Finance cost incurred on Overdraft obtained from Bank which is advanced to Sister Concern for Non-Business purpose is not Business Loss: ITAT [Read Order]

Convertible Warrants - Business Loss - ITAT - Taxscan

In Dheeraj Consultancy P. Ltd v. ACIT, the Mumbai ITAT held that the finance cost incurred on overdraft obtained from the bank which is advanced to sister concern for the non-business purpose is not business loss under the Income Tax Act.

The assessee, in the instant case, is in the business of Advertising Agency has incurred finance cost amounting to Rs.1,37,08,749/- as interest on Bank Overdraft. The AO asked the reason to assessee that why such finance cost should be allowed as business expenses if there is no business carried on by the assessee during the assessment year.

In reply assessee submitted that the cost incurred on overdraft is solely for the purpose of business of the Assessee Company as the Assessee Company has used the overdraft facility for making advance payment for the purchase of business assets and hence the same should be allowed as deduction.

AO disallowed the same by finding that the said expense cannot be allowed as business expenses as there is no business activity during the year.

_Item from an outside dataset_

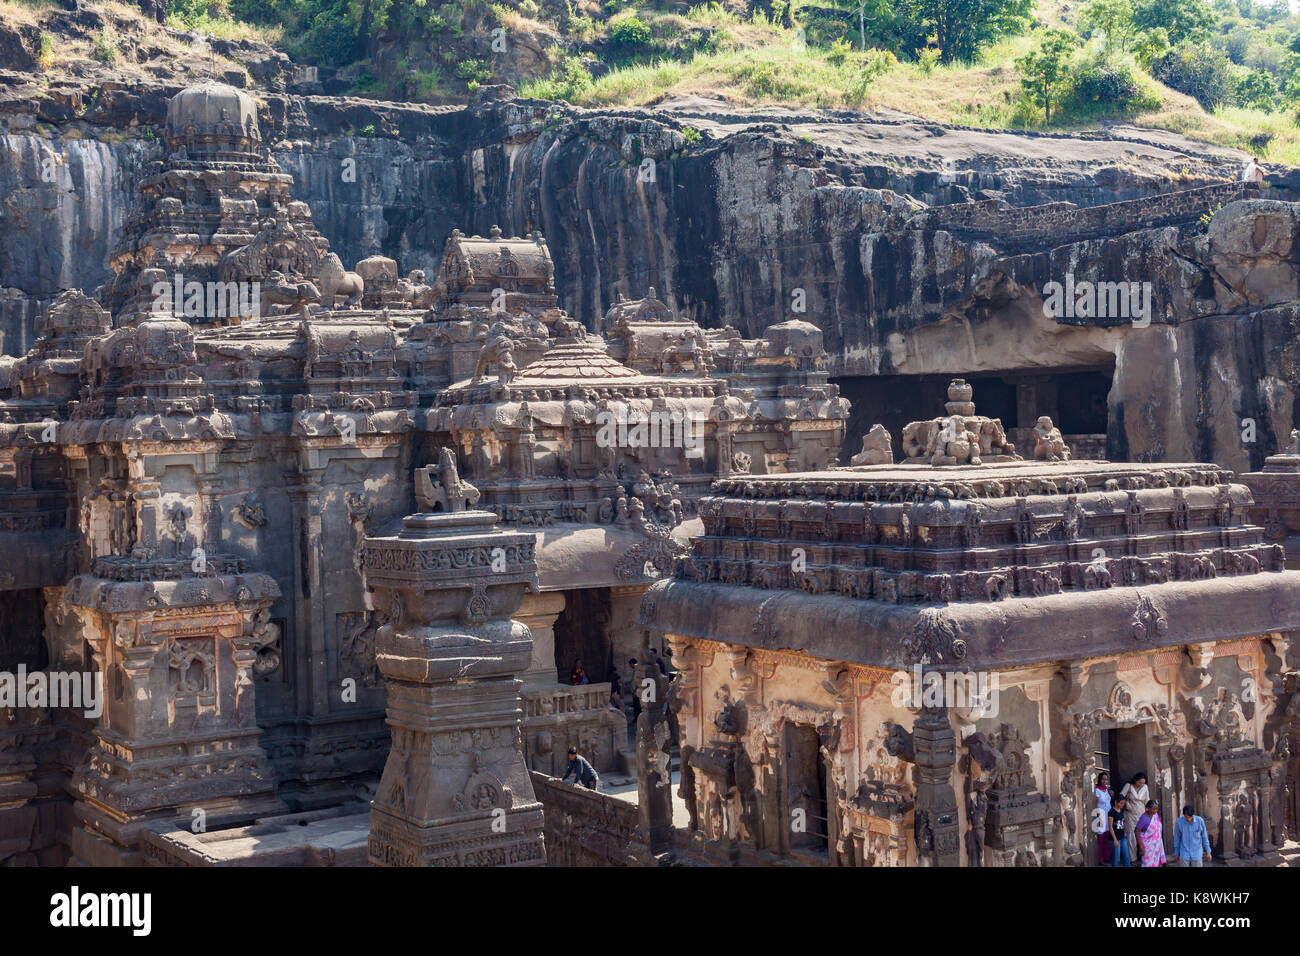 Le Temple Kailasa ou Kailasanatha, Ellora, Maharashtra, Inde, est un rock-cut temple-monastère des complexes de grottes. Banque D'Images

CIT (A) rejected the matter of assessee and held that aforesaid interest expenditure of Rs.l,37,08,749/- had been incurred out of commercial expediency.

Further, aggrieved with the appellate order assessee carried the matter before the tribunal and submitted that disallowance of interest has been made u/s. 36(1)(iii) by the authorities below as the assessee could not prove that the said interest expenses were incurred for the purpose of business of the assessee.

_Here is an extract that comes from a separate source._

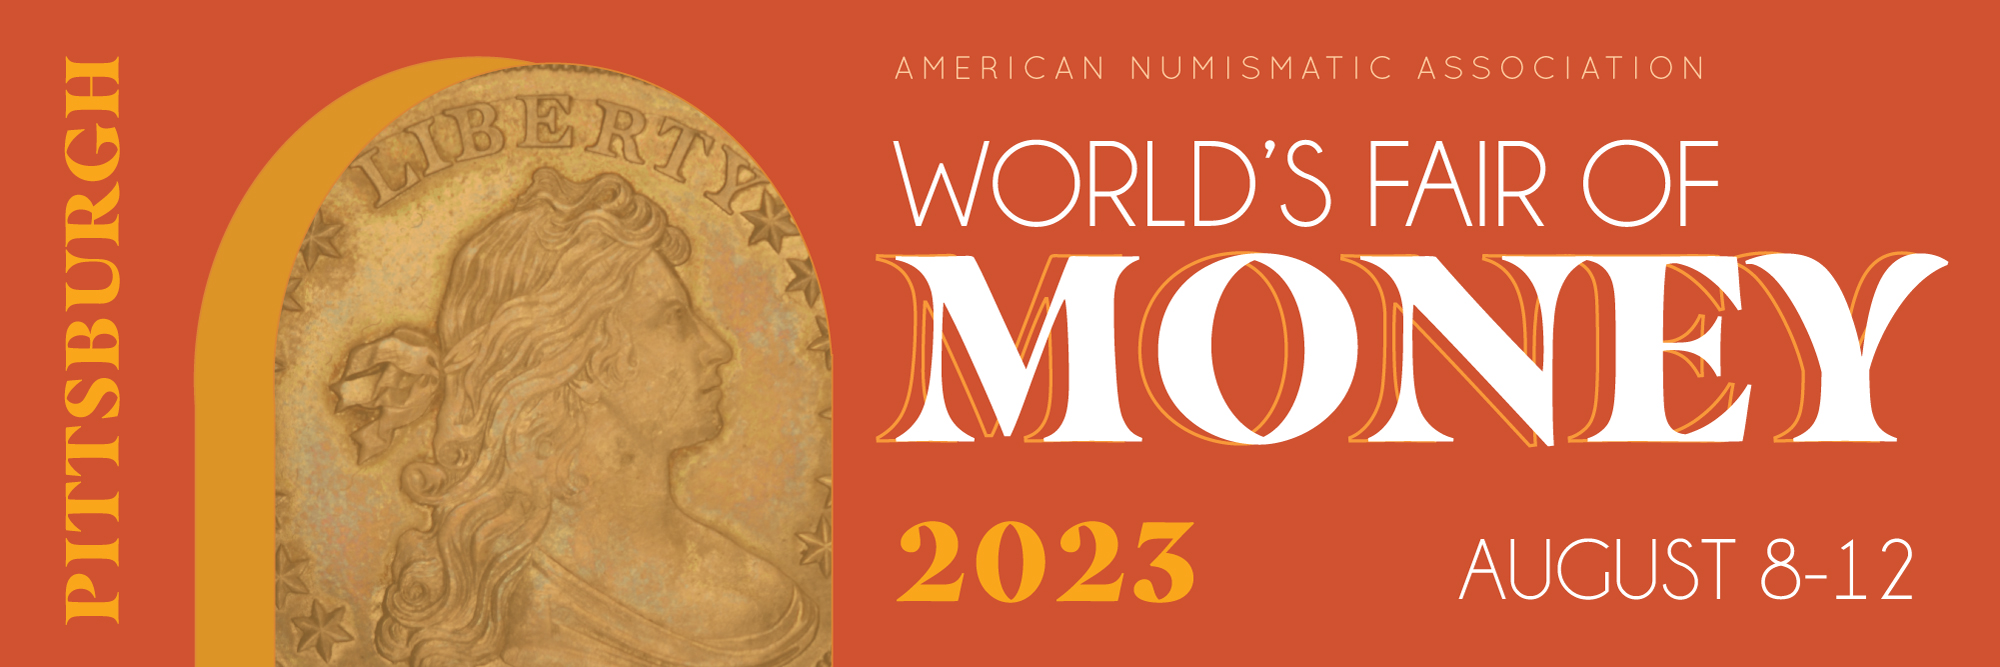 world's fair of money banner 2023

The assessee also submitted the record of MOA to justify that the real estate business is part of the business activities of the assessee.

It was observed that assessee has claimed by virtue of clause B (5) which are objects incidental and ancillary to the main object clause that the assessee is entitled to carry out real estate business.

The tribunal had an opinion that the assessee has miserably failed that to prove its contention that the said loans were used for business purposes by the assessee and mandate of Section 36(1)(iii) was complied with.

Finally, ITAT observed that “the payments and the return thereof of the said advances are from the sister concerns and in the absence thereof of the evidence on record to substantiate that these were business expenses and they are afraid to claim of the assessee to allow interest expenses on bank overdraft to the tune of Rs.1,37,08,749/- as business expenses cannot be accepted and hence the appeal of the assessee is dismissed.”